Pressure or any other practical process for the extraction of the fruit juices would have either crushed the fruit or broken the skin or at all events altered, if it did not completely destroy, its form. That the ume was subjected to no such treatment and that no appreciable quantity of its juices was extracted is evidenced by the un-crushed, unbroken samples of the merchandise submitted to the board at the hearing, and by the fact that the sample of the fruit still retains the form which it had when plucked from the tree. It is entirely possible that some of the fruity juices not held fast by the cellular tissue or the meat of the fruit may have escaped by osmosis, but that any considerable quantity escaped in that manner is fully rebutted by the fact that the liquor in which the fruit is packed has the flavor of salt and water and not that of fruit juices. The suggestion that the fruits were simply packed in salt and that their own juices dissolved the salt and made the liquor in which they were preserved we must decline to accept, because at best very little of the fruit juices could have come in contact with the salt and because if every drop of juice had been squeezed out of the ume it would have been wholly insufficient to dissolve the salt used to pack the fruit, considering that it takes, according to common knowledge, nearly 2-¿-parts of water to dissolve 1 part of salt.

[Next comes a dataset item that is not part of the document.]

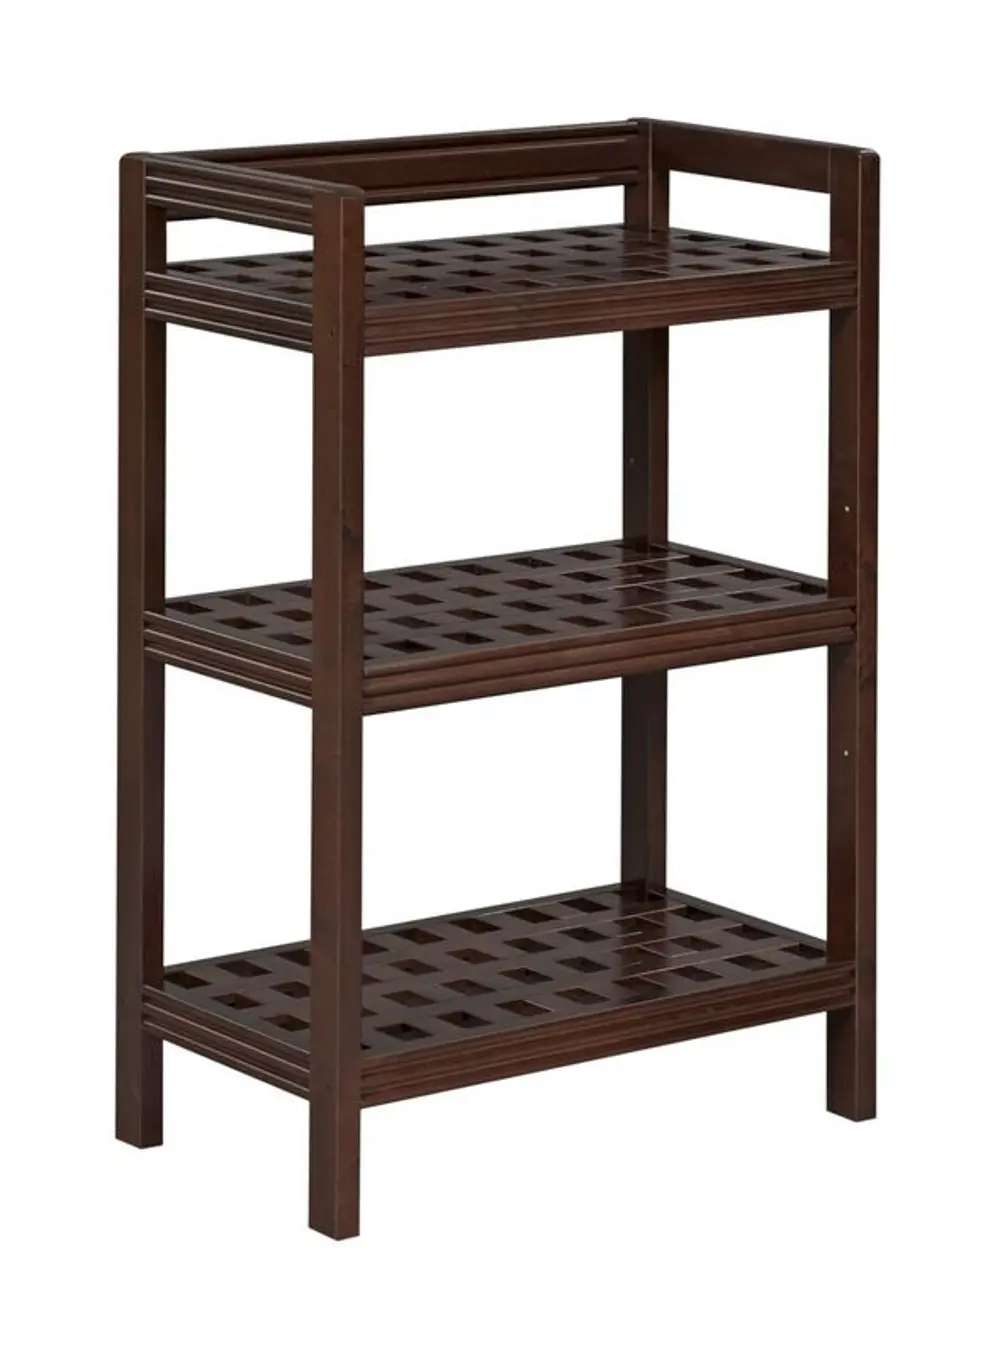 Merlot Low Bookcase/Media Tower - Beaumont-1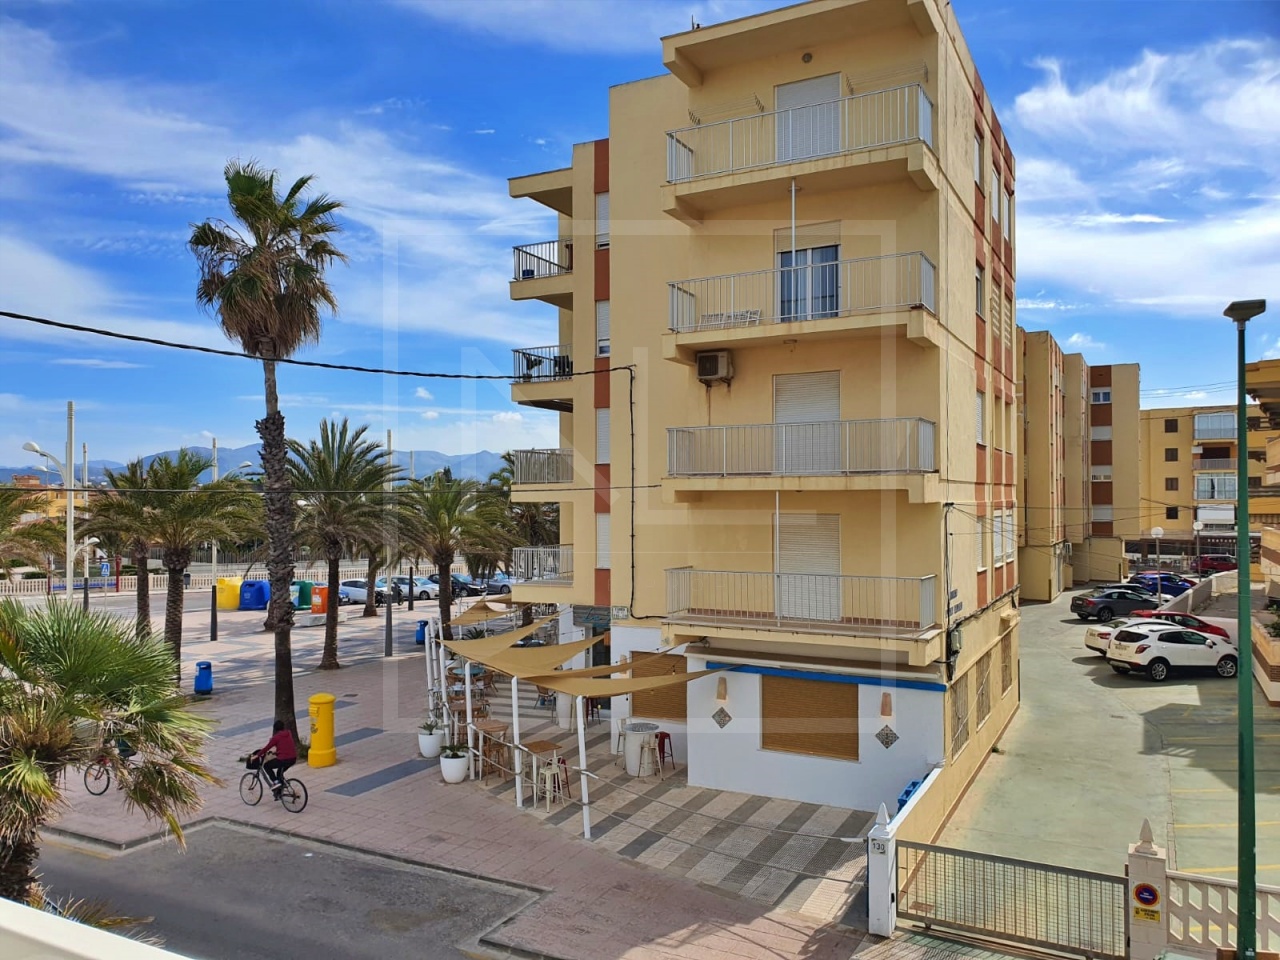 3 bedroom 2 bathroom penthouse apartment For Sale in Oliva

In addition to all this, it does not seem that there could have been any sound reason for using the juices of the fruit to dissolve the salt in order to produce a liquor which was wholly unfit for human consumption and apparently of no commercial value whatever as a fruit juice. All the witnesses for the importers agree, and their testimony is undisputed, that the fruits after their first treatment with salt and water are ready for domestic consumption, but that if they are intended for exportation they must be put back into the solution of salt and water in order to preserve them, and certainly to achieve that object a solution of salt and water would be far more effective than would a solution of salt and fruit juice, which by reason of the *163juice would contain in itself elements tending to promote decomposition and not preservation of tbe commodity.

There may be kinds of umeboshi or umezuke packed in their own juices, but we are convinced that the importation represented by the sample submitted to us is not a fruit packed in its own juice, but a fruit in brine and therefore entitled to free entry.

The decision of the Board of General Appraisers is reversed.